雕栏香砌,曲槛小池清切。
落云锁,争似幽芳,冷艳幽香奇绝。
一袭青衣纤尘不染,仿佛从绝尘之境,踏碎一场繁华而来,看着面前独自下棋的男子,幽邃眸子泛动一丝波澜:“怕吗。”
一身华服尊贵无双,俊美如天神的脸上,邪魅轻佻。
落定一子,风轻云淡地道,“本宫何惧。”
“七年之期已至,琉仙宫大批人马涌入京城,如果真的有幽怨不散,转世重生一说,你难道忘记她临死之前说过什么。”
连痕闻言一怔,思绪飘转。
那一年。
那场雪。
——“连痕,我若魂魄不灭,毁你锦绣山河,一夕之间……你今日胆敢为江山负我,便最好保佑从此世上再无付琉璃。”
……
皇城空地上。
巨大的铁笼之中,关着一只雪白的白虎。
双眼散发出嗜血狠戾的光。
此时它打量着眼前喧哗的人群,不断咆哮嘶吼,一次次地将利爪拼命撞在铁笼上,多日没有进食,远处鲜血的味道几乎让它疯狂……

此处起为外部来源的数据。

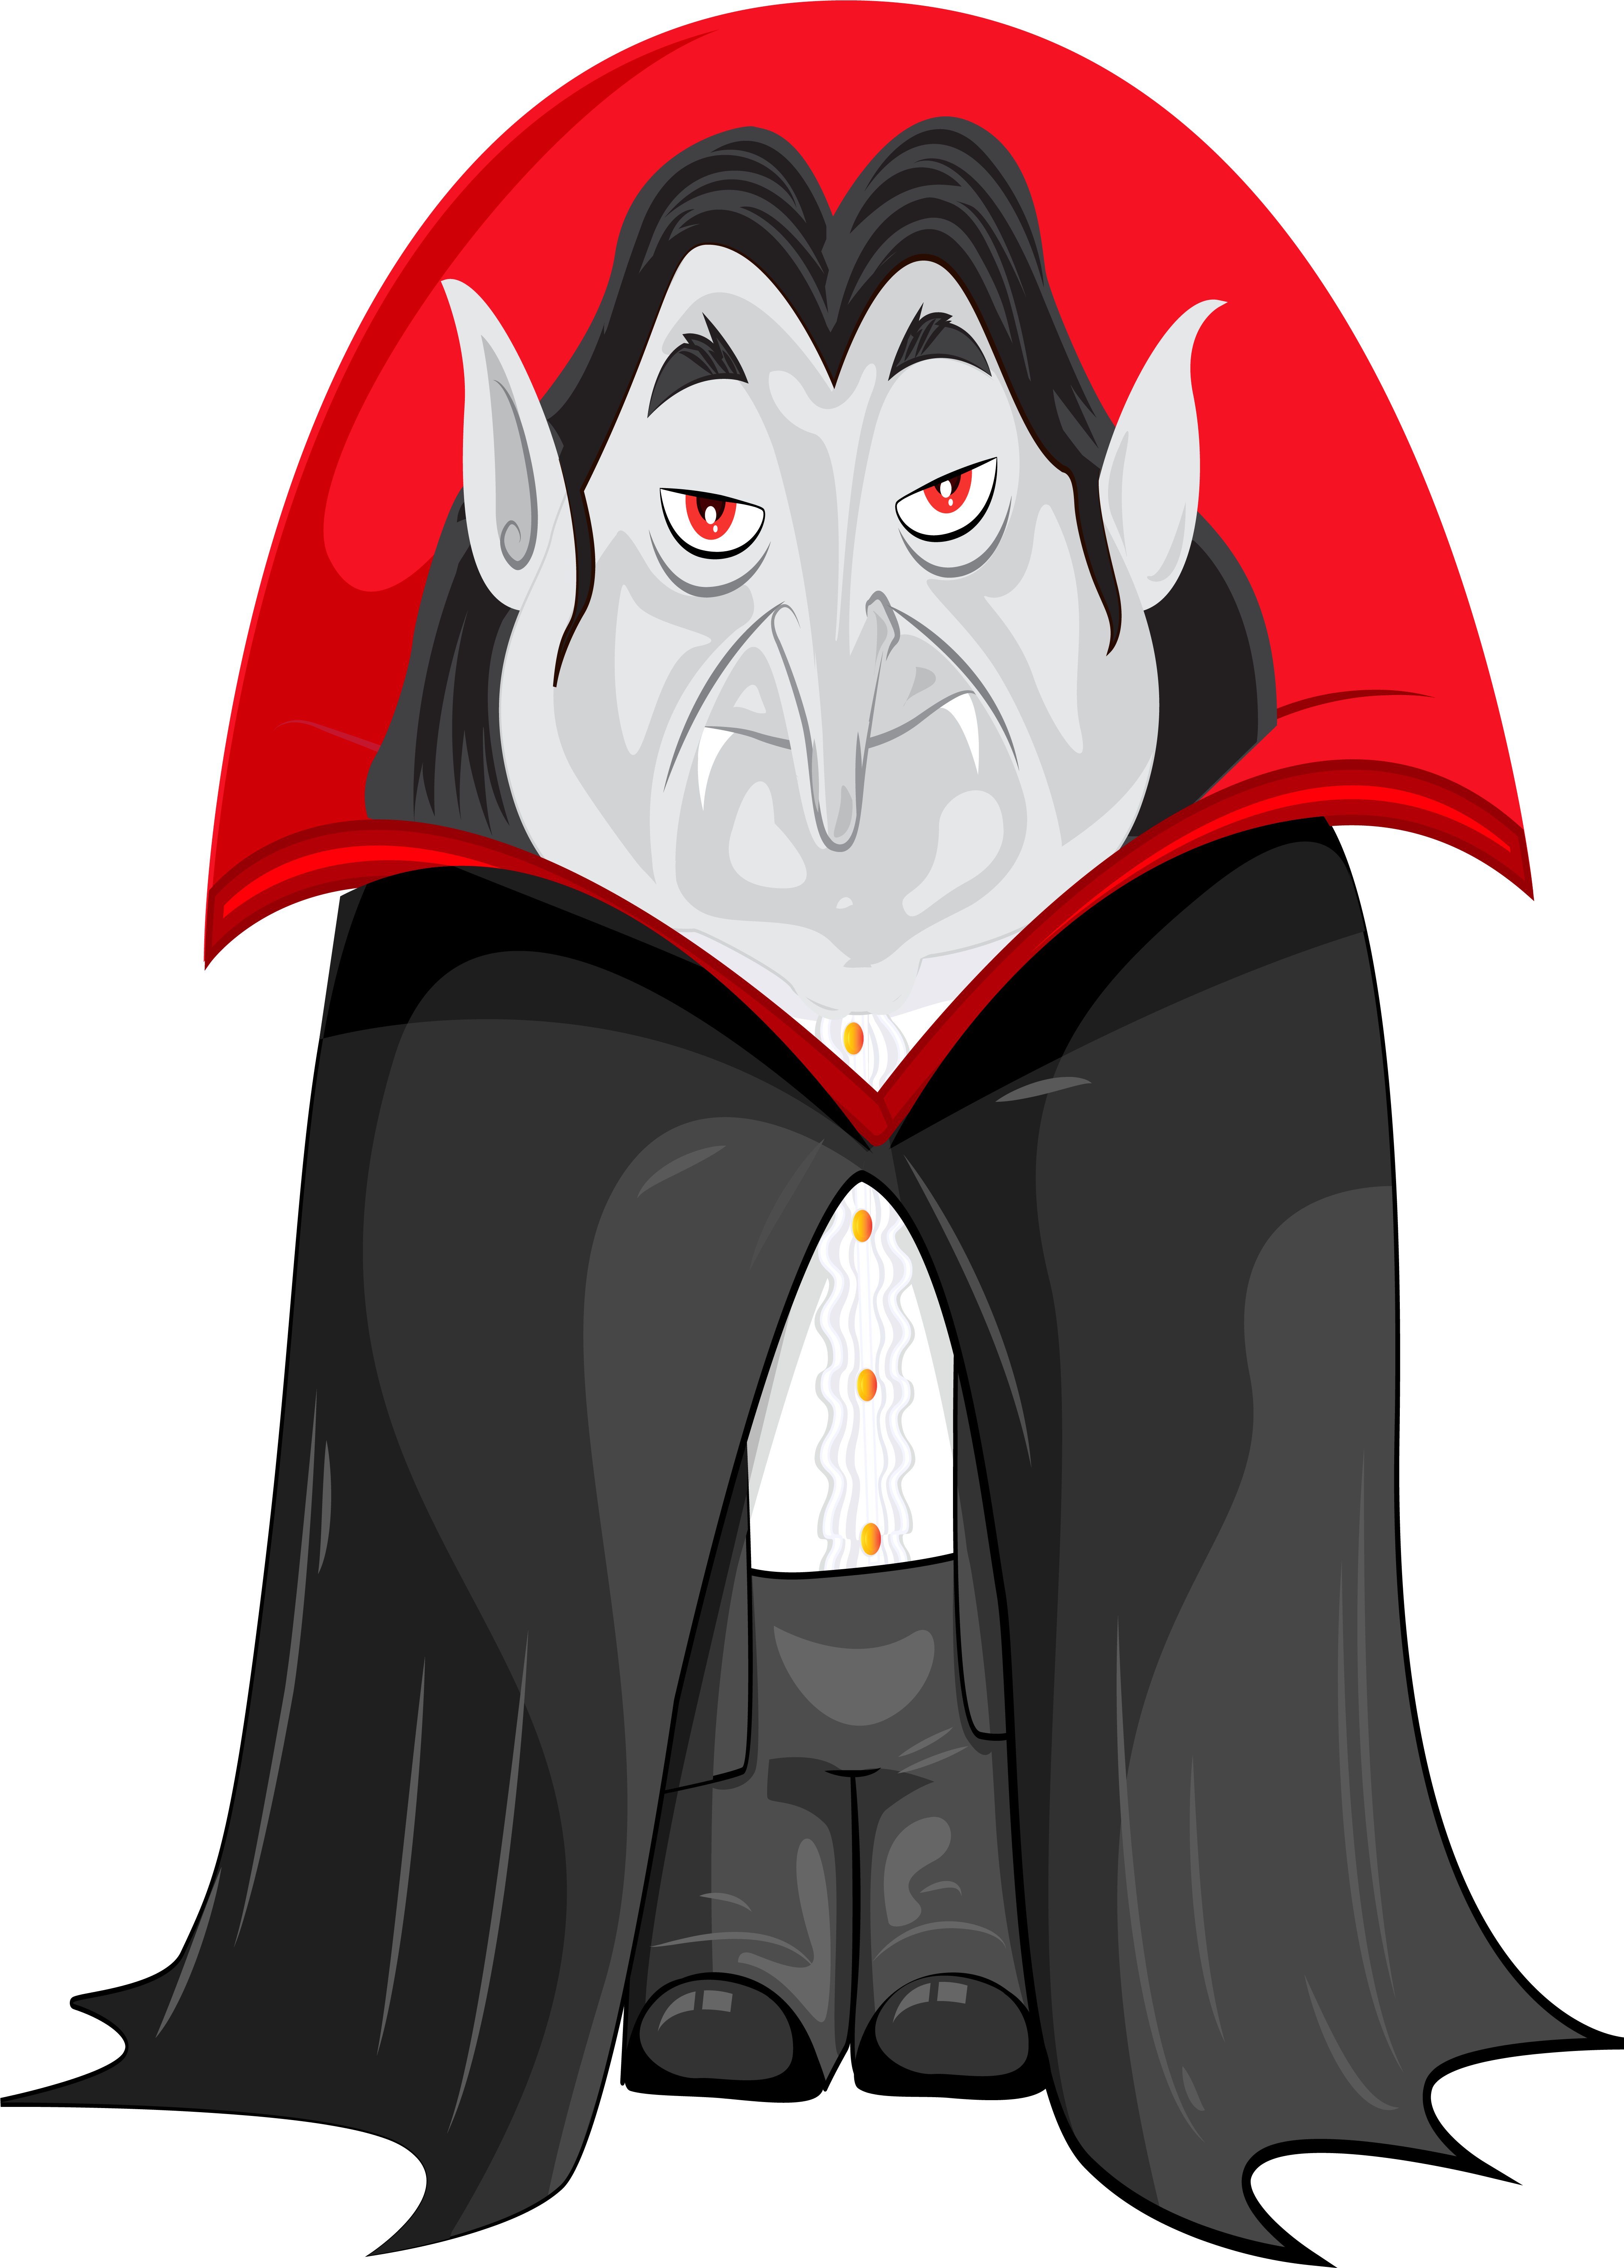 Dracula clipart transparent. Vampire coffin halloween png

空地中心是一个衣衫褴褛的白衣女子,她身上多处受严刑拷打而造成的皮开肉绽,犹如一只只血蝶嵌入白衣之内,刺刀穿过琵琶骨,带着长长的铁链连接着两颗沉重的铁球,这里人山人海,高手如云,她逃不掉,也根本无处可逃。
“离国刺客大逆不道,刺杀帝君,现处虎刑——”
帝君本是判凌迟处死,太子连痕却上奏提议,不如以他饲养的白虎为主,设一虎刑,让这些胆敢弑龙的刺客与虎一斗,帝君应允。
一个活人与一头猛虎相斗,虎在力量速度上都占上风,人当然必死无疑。
弱者发出浑身颤抖,直达心灵深处的恐惧……
这必然是一道有趣的画面。
更何况。
离国与壁裔国素来是死敌,这个新的女帝居然敢派人来刺杀帝君,若不予以严惩,怎么体现得出壁裔天下第一大国的威严。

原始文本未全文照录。